Equinox Gold Corp. (TSX-V: EQX, OTC: EQXFF) ("Equinox Gold" or the "Company") is pleased to announce it has closed the strategic investment by Mubadala Investment Company ("Mubadala") whereby Mubadala has purchased $130 million in convertible notes from Equinox Gold.
- Converted the $100 million Mesquite acquisition facility into a new $130 million corporate revolving credit facility; and
- Re-paid in full the $85 million Aurizona construction facility and the $20 million Mesquite acquisition facility provided by Sprott Private Resource Lending (Collector), L.P. (“Sprott”).
“These transactions simplify our balance sheet, reduce interest costs, defer principal payments and increase capital available to the Company as we move into production at our Aurizona Mine and prepare for Phase 1 construction at our Castle Mountain Project,” commented Christian Milau, CEO of Equinox Gold. “We welcome Mubadala as a cornerstone and long-term financial partner to Equinox Gold and thank the Bank of Nova Scotia and its syndicate partners for their continued support as we grow the Company.”

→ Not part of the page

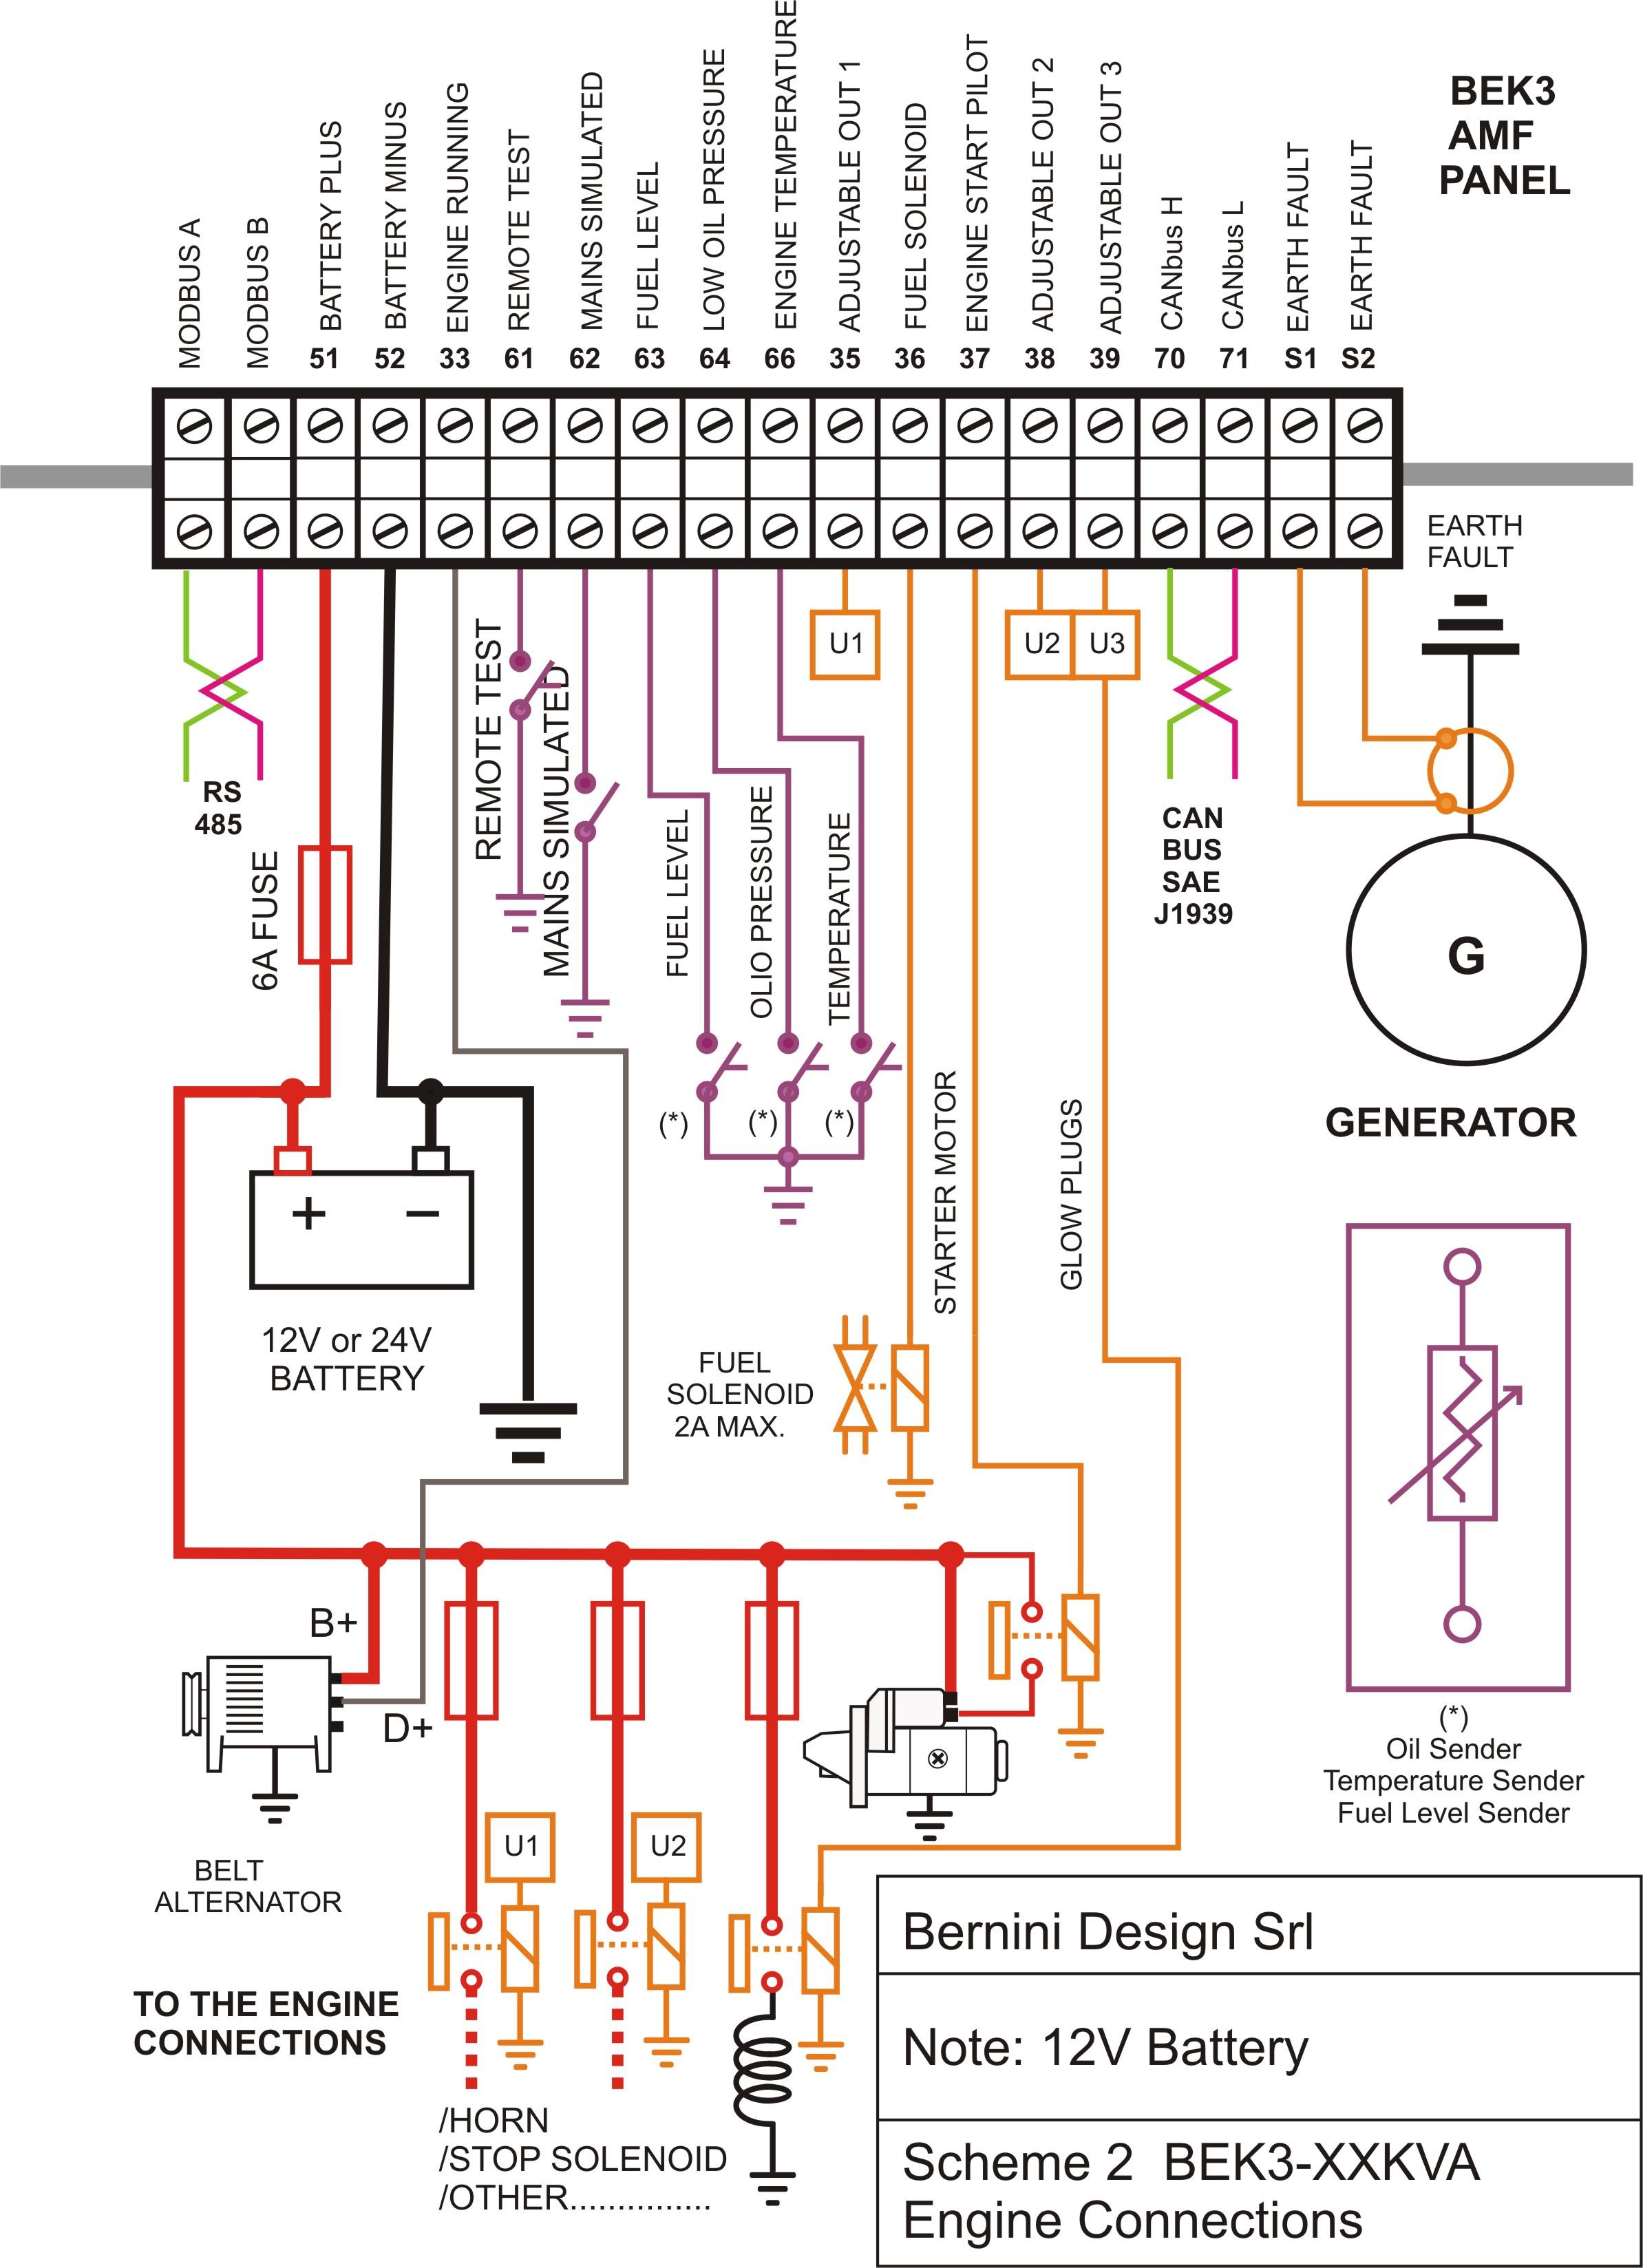 Plc Panel Wiring Diagram Pdf | Manual E-Books - Simple Wiring Diagram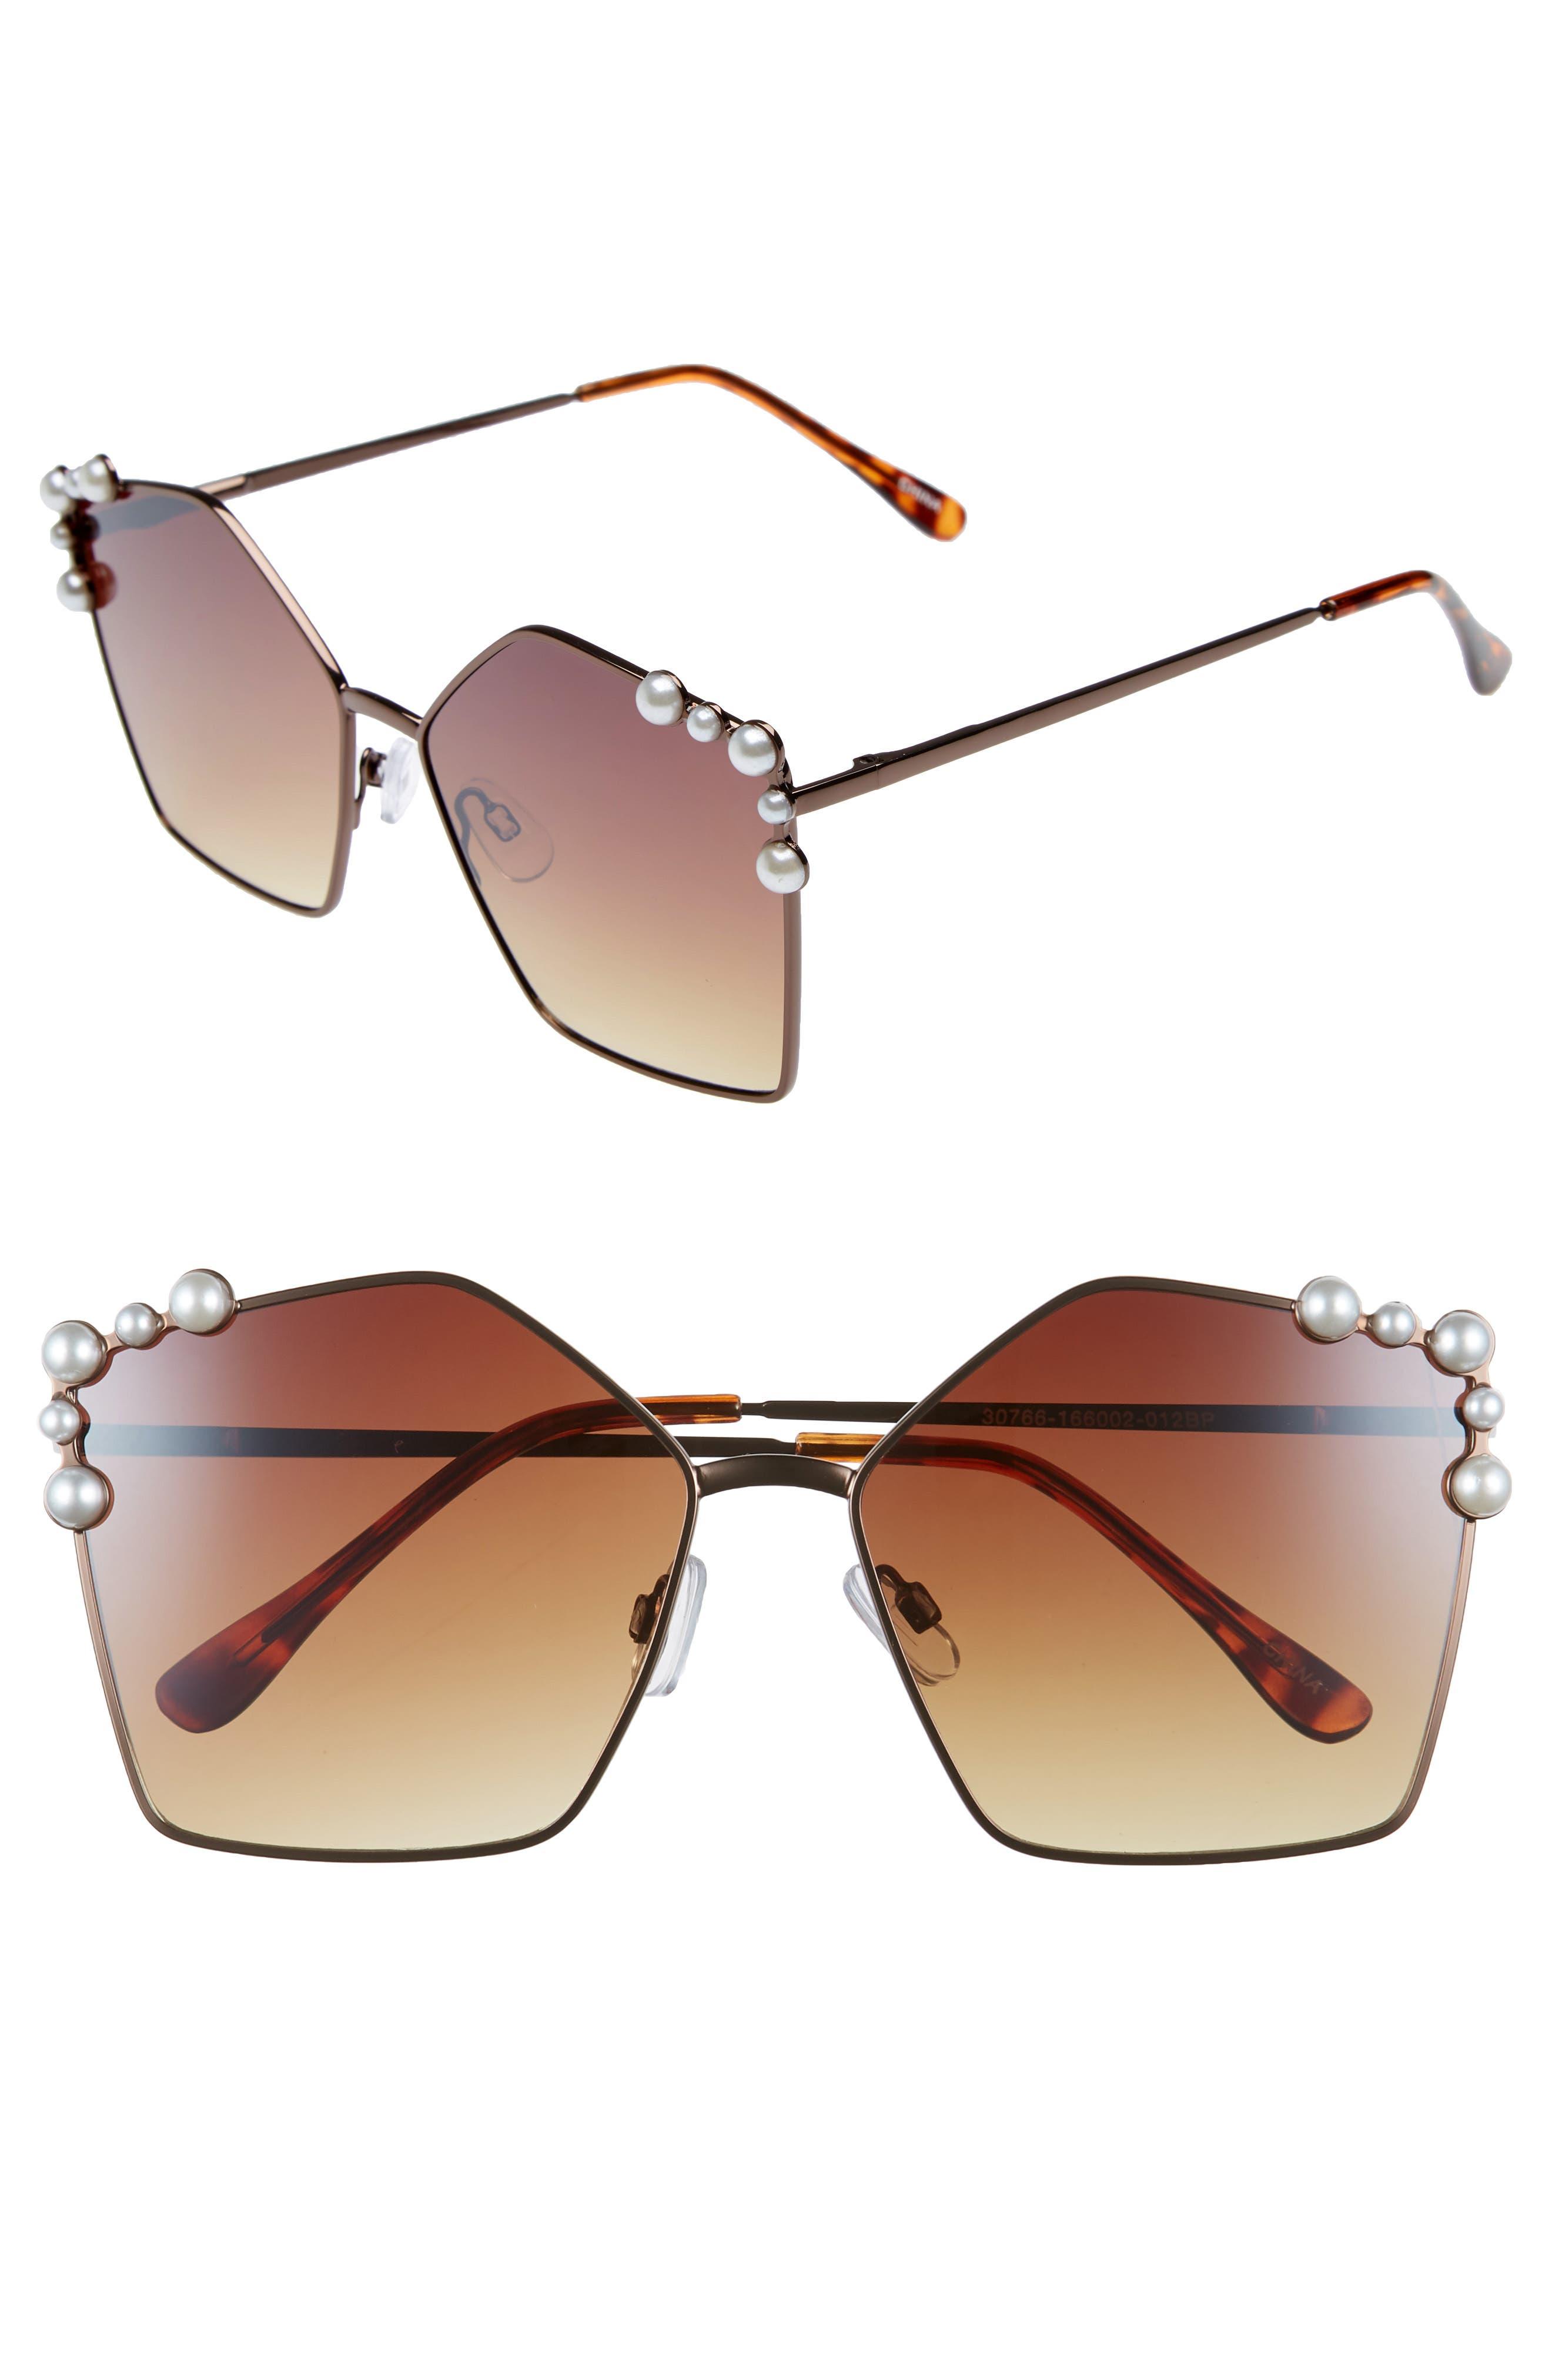 60mm Imitation Pearl Geometric Sunglasses,                             Main thumbnail 1, color,

The Company has closed its previously announced sale of $130 million of convertible notes (the “Notes”) to Mubadala. The Notes have a 5-year term, bear interest at a fixed rate of 5% per year and are convertible at the holder’s option into common shares of the Company at a conversion price of $1.05 (C$1.38) per share.
Of the total gross proceeds of $130 million, $120 million was immediately available at closing and used to re-pay in full the $85 million Aurizona construction facility and the $20 million Mesquite acquisition facility provided by Sprott, terminate the associated Aurizona production-linked payment obligation to Sprott and for certain other transaction fees and expenses. Remaining proceeds from the Notes will be restricted until the submission for registration of certain security documents, the completion of certain additional post-closing documentation and the satisfaction of customary conditions.
Equinox Gold and Mubadala have also entered into an agreement providing Mubadala, among certain other rights, standard non-dilution rights and the right to a nominee on the Company’s board of directors. Equinox Gold expects to appoint a Mubadala nominee to the Company’s board of directors subsequent to the Company’s annual general meeting on May 1, 2019.
Pacific Road Resources Funds (“Pacific Road”) holds a pre-existing non-dilution right pursuant to an investment agreement dated May 7, 2015. Pacific Road has indicated it intends to exercise its non-dilution right, subject to agreement with respect to terms of the issuance. If exercised, the Company will issue up to approximately $9.7 millionin additional convertible notes to Pacific Road on the same basis as the Notes.
Revolving Credit Facility
The Company has converted its $100 million Mesquite acquisition facility into a senior secured $130 million corporate revolving credit facility (the “Revolving Credit Facility”) with the existing syndicate of lenders led by the Bank of Nova Scotia. The Revolving Credit Facility matures on October 30, 2022, at which date it must be repaid in full, and incurs interest at an annual rate of LIBOR plus 2.5% to 4%, subject to certain leverage ratios.
Under the terms of the Revolving Credit Facility, $100 million was immediately available at closing. An additional $30 million will be made available on registration of certain security documents, the achievement of commercial production at the Company’s Aurizona Mine in Brazil and the satisfaction of customary conditions.
Equinox Gold has also arranged a one-year, unsecured $20 million revolving credit facility with the Company’s Chairman, Ross Beaty, that the Company may draw to provide short-term bridge financing for general corporate and working capital purposes, including initial Castle Mountain Phase 1 development activities, until the full $130 million Revolving Credit Facility is available and the remaining proceeds from the Notes are unrestricted.